Distribution électronique des intrants : Des paysans à l’épreuve de la technologie

Jules Botoni estime que la distribution électronique des intrants est perfectible

La plateforme E-voucher poursuit son petit bonhomme de chemin au Burkina Faso. Lancée en 2018 par le ministère en charge de l’agriculture, elle avait pour objectif de faciliter la distribution des intrants agricoles aux producteurs vulnérables. Cette belle initiative rencontre cependant quelques difficultés parmi lesquelles la mauvaise qualité du réseau de téléphonie mobile et l’analphabétisme des producteurs. Dans le Boulkiemdé et les Balé, les tentatives de sauver le mécanisme commencent à porter des fruits. Reportage.  

En cette matinée du vendredi 15 juillet 2022, les producteurs du Boulkiemdé sont à l’ouvrage dans leurs fermes. De part et d’autre de la voie reliant Koudougou à Sabou, les champs de sorgho offrent une belle vue et donnent des raisons d’espérer si le rythme des pluies se maintient jusqu’en octobre. Dans la commune de Sabou, nombreux sont ceux qui attendent leurs intrants agricoles. Au service d’agriculture, les producteurs faufilent. Deux agents en service les accueillent sous un arbre dressé en face du bâtiment abritant les bureaux. Une chaise et un banc sur lequel trône un registre, c’est ce qui tient lieu de bureau pour les deux agents de l’Etat. Ceux-ci procèdent à l’enregistrement des producteurs et recueillent leurs préoccupations. Certains sont venus chercher leurs dotations, d’autres des renseignements.

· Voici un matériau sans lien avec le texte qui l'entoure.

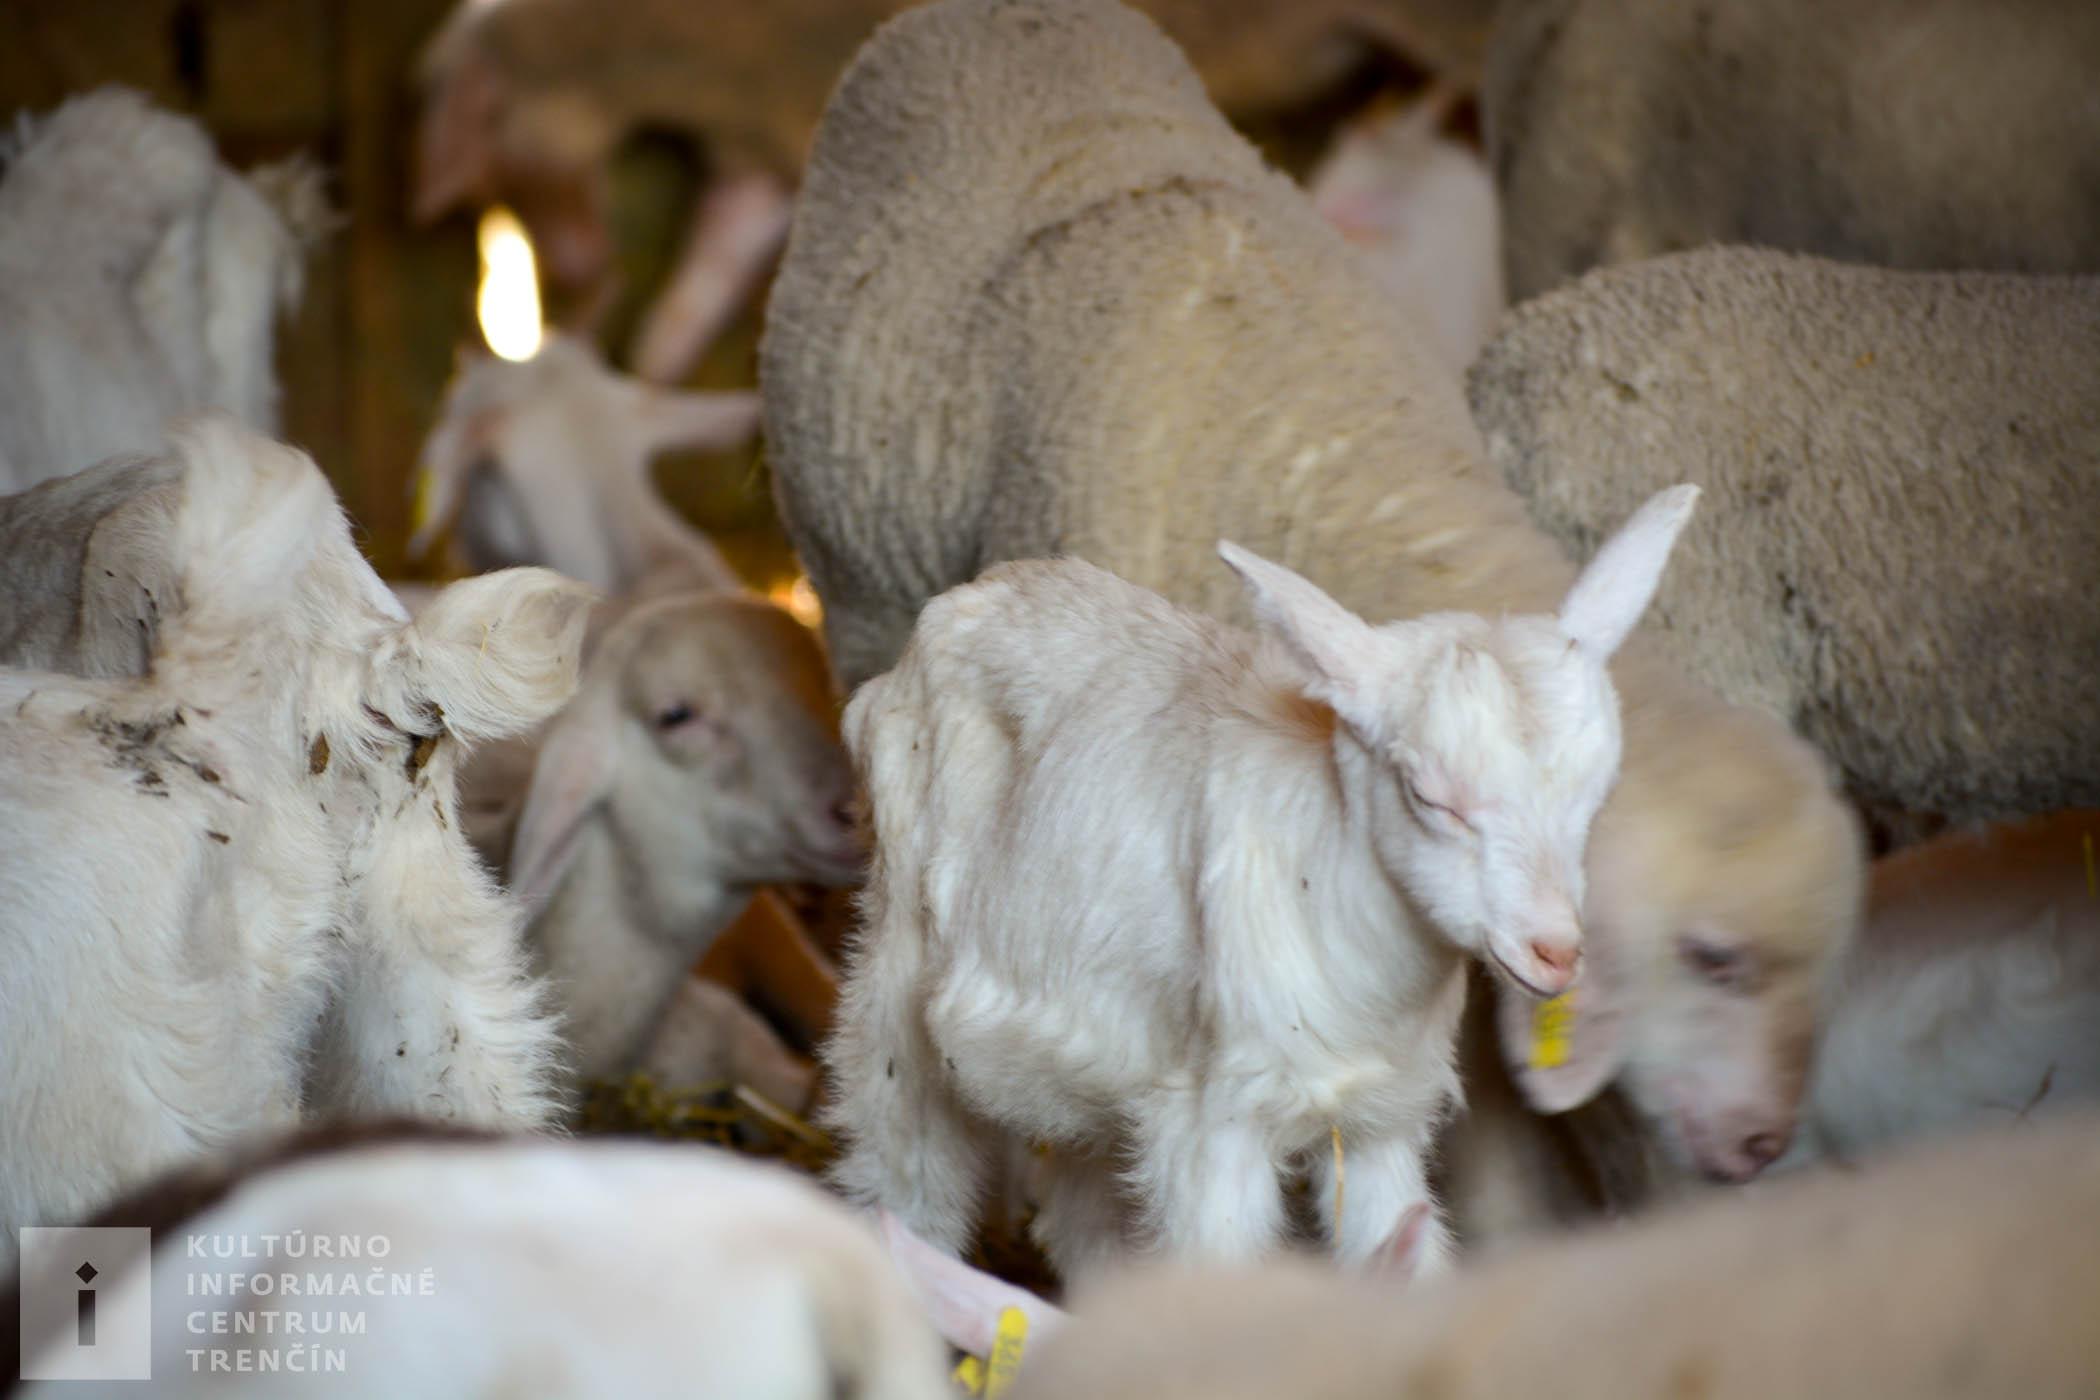 Na gazdovstve Uhliská chovajú aj kozy a ovce. Mlieko, mliečne výrobky alebo mäso si môžete vychutnať v miestnej reštaurácii alebo hostinci.

Gilbert Raogo Kologo, producteur vulnérable de Sabou, est l’un des bénéficiaires. Muni de sa Carte nationale d’identité burkinabè (CNIB), il s’inscrit sur la liste des candidats aux intrants agricoles. Au bout du processus, l’agent recenseur lui remet un papillon indiquant le type et la quantité d’intrants qu’il doit recevoir. Ce document s’appelle le code Bon ou Bon aléatoire. Il permet au producteur d’obtenir ses intrants sans passer par le système de messagerie. Le visage rayonnant de joie, Gilbert Kologo se précipite dans une boutique de l’Association des grossistes et détaillants d’intrants agricoles (AGRODIA). Il repart avec dix sacs d’engrais. Il procède ensuite à l’enlèvement immédiat de sa dotation. Le tout, en l’espace de quelques minutes. Ce système de distribution fonctionne à merveille. Il est fluide et rapide, rappelle Adama Boro, directeur régional en charge de l’agriculture du Centre-Ouest. A l’entendre, les Bons aléatoires ont été initiés en vue de pallier les insuffisances du système de messagerie.

Adama Boro, DR agriculture du Centre-Ouest : « Notre ambition, ce n’est pas de couvrir tous les besoins des producteurs »

Au nombre des failles de cette dernière, il y a l’incapacité des destinataires des messages à les lire, la mauvaise qualité du réseau Orange et de la connexion internet, l’arrivée tardive des messages. Les codes Bons constituent, aux yeux des producteurs, une panacée. Le système est bien apprécié des différents maillons de la chaîne.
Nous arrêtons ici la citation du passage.